■ Task requirements: Would you repeat exactly the part of the listing below that runs from the line containing "tantra massage brothel price list" down to the line containing "Joggingbroek Rood.Nike Joggingbroek", inclusive, and nothing else?

■ Data for review:
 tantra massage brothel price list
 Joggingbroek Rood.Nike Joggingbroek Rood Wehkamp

==

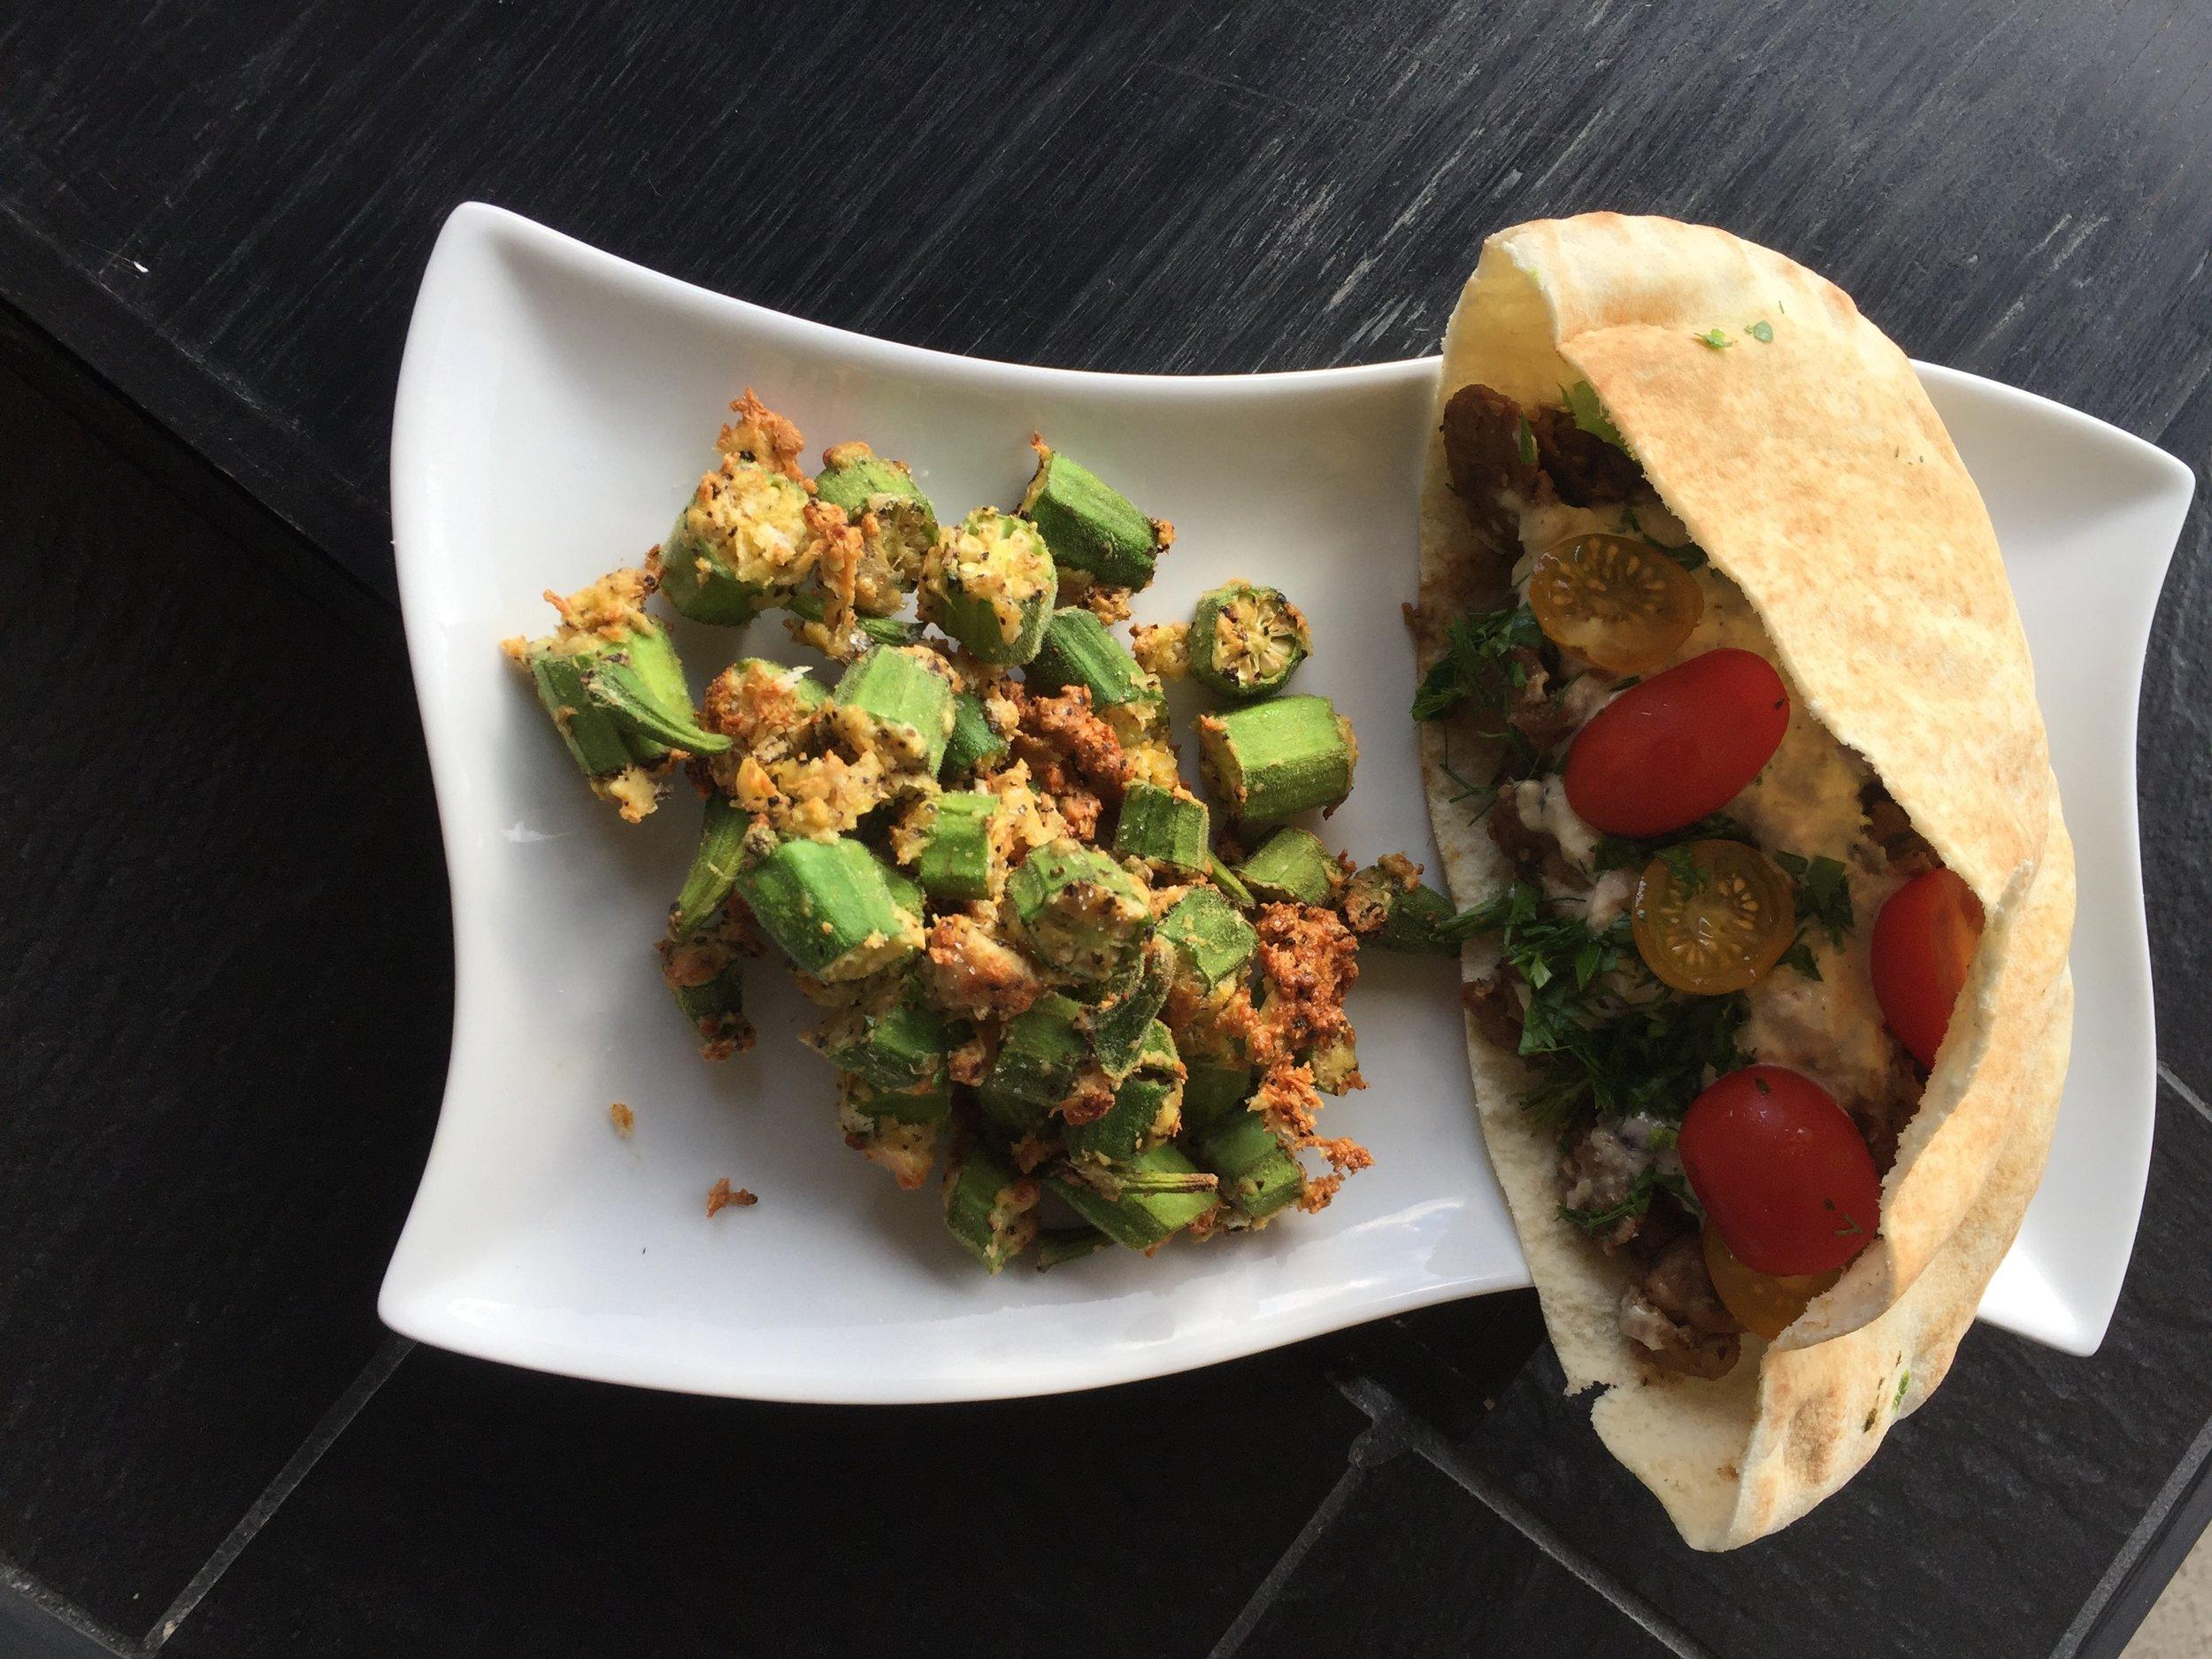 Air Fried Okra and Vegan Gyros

...

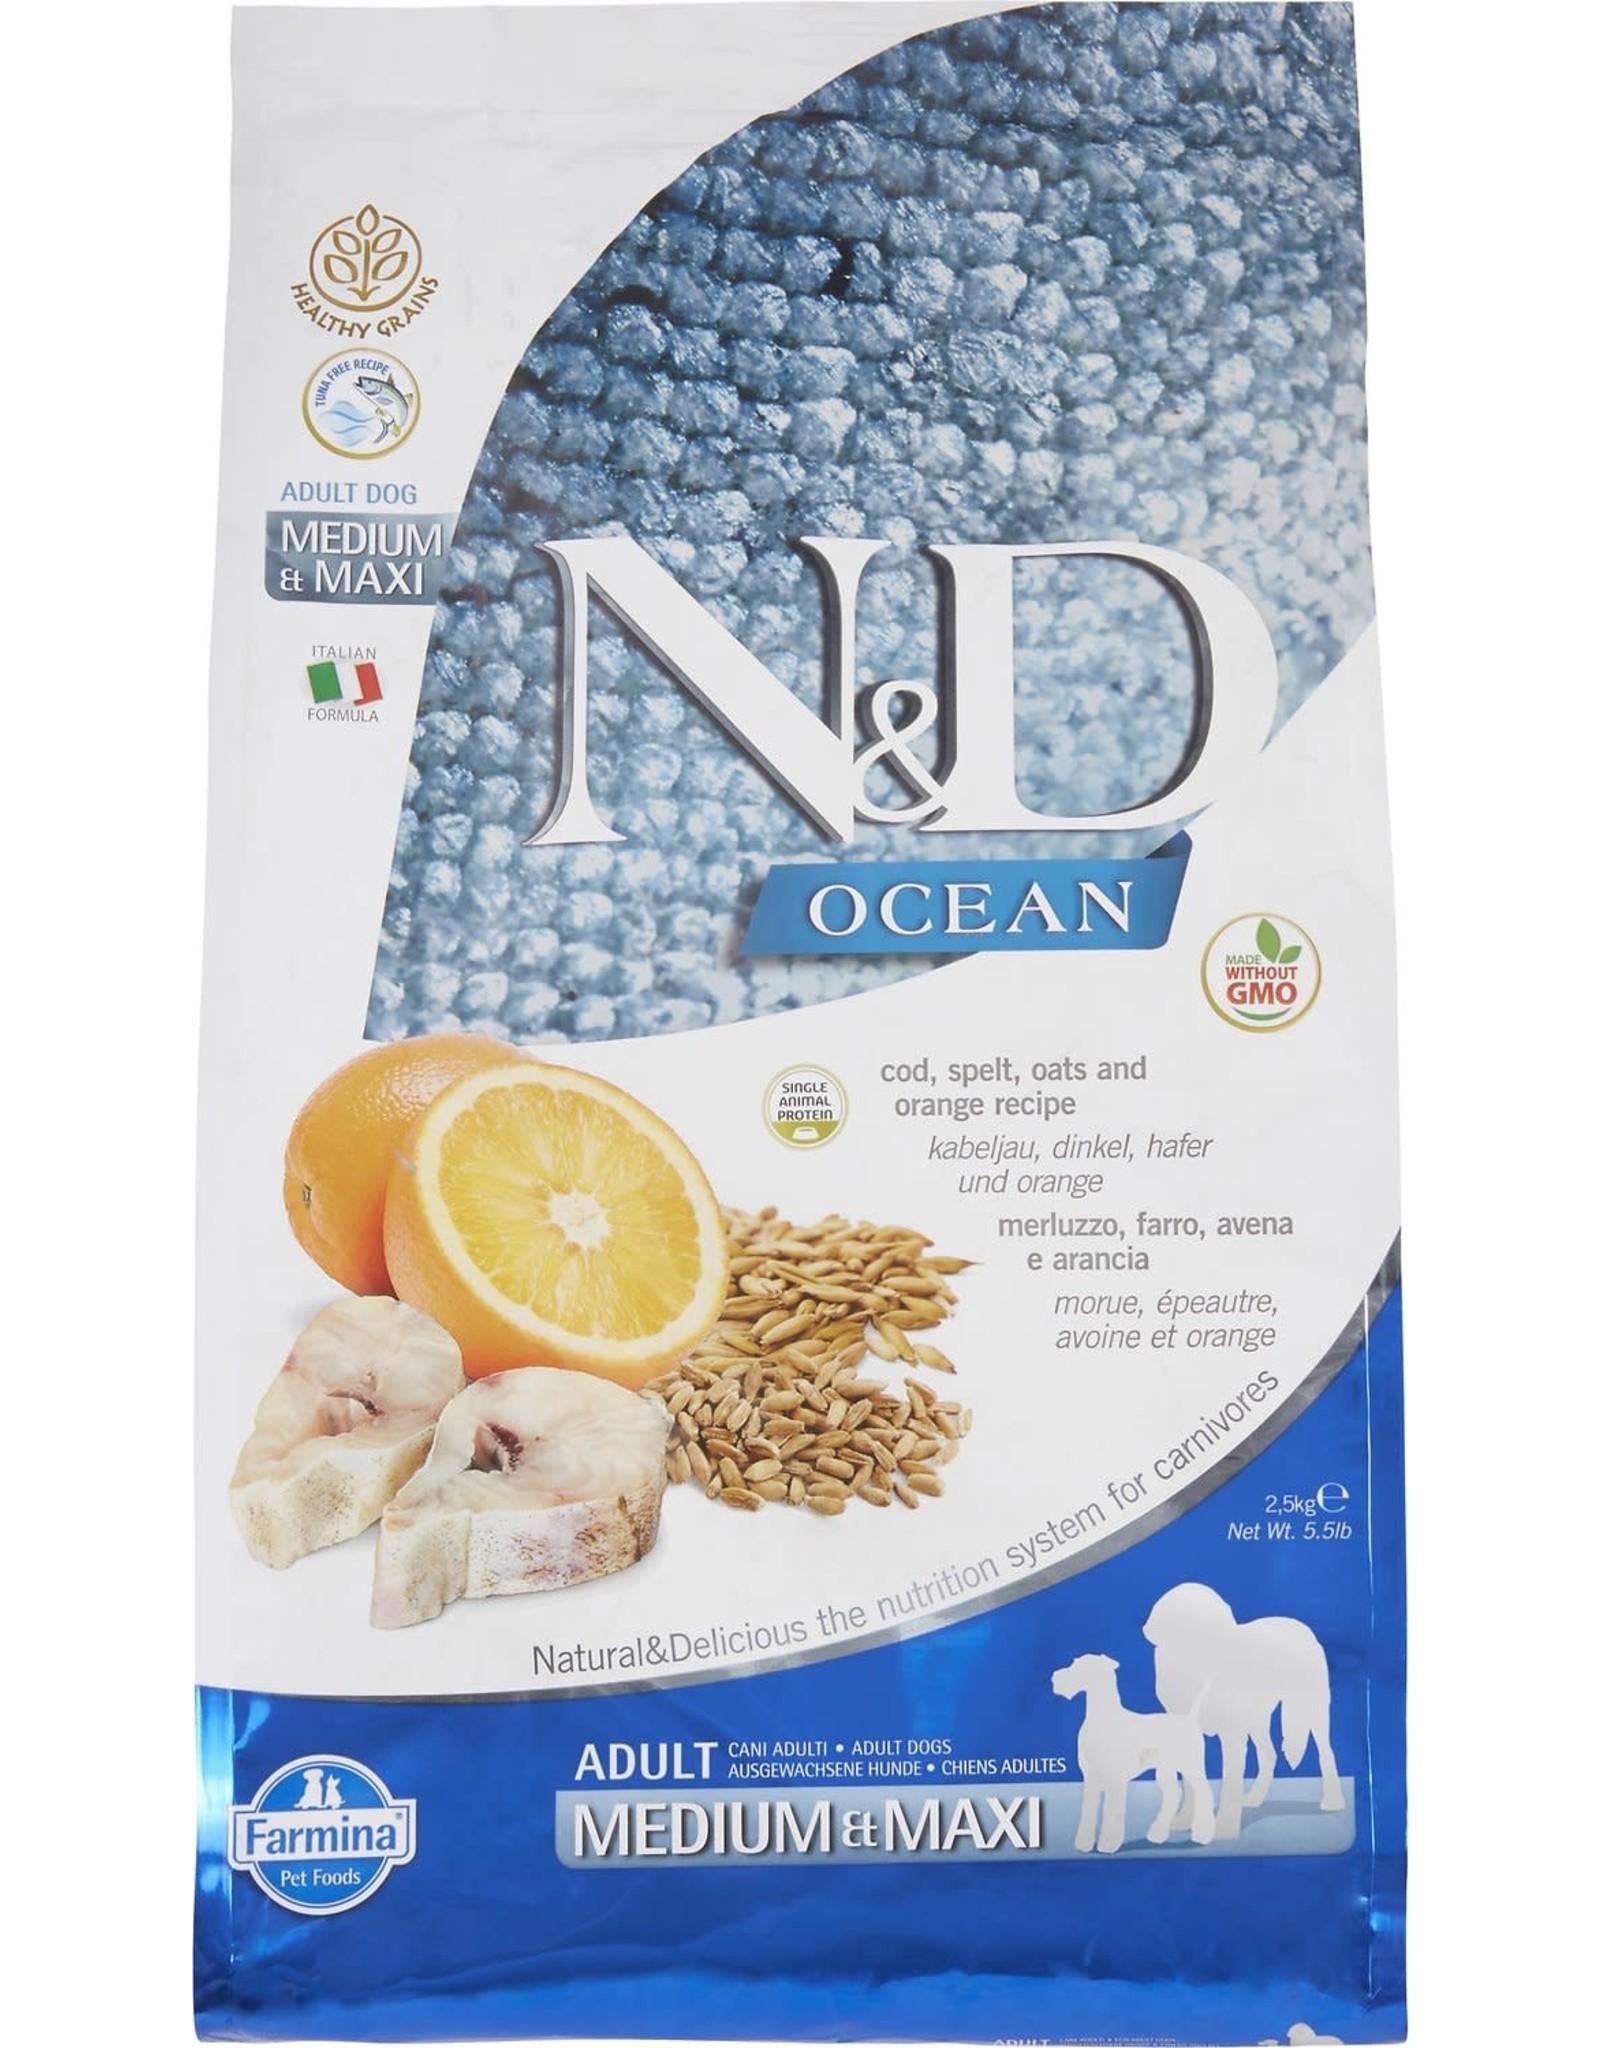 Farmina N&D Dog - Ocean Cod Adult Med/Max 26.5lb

■ Solution for this task:
 tantra massage brothel price list
 Joggingbroek Rood.Nike Joggingbroek Rood Wehkamp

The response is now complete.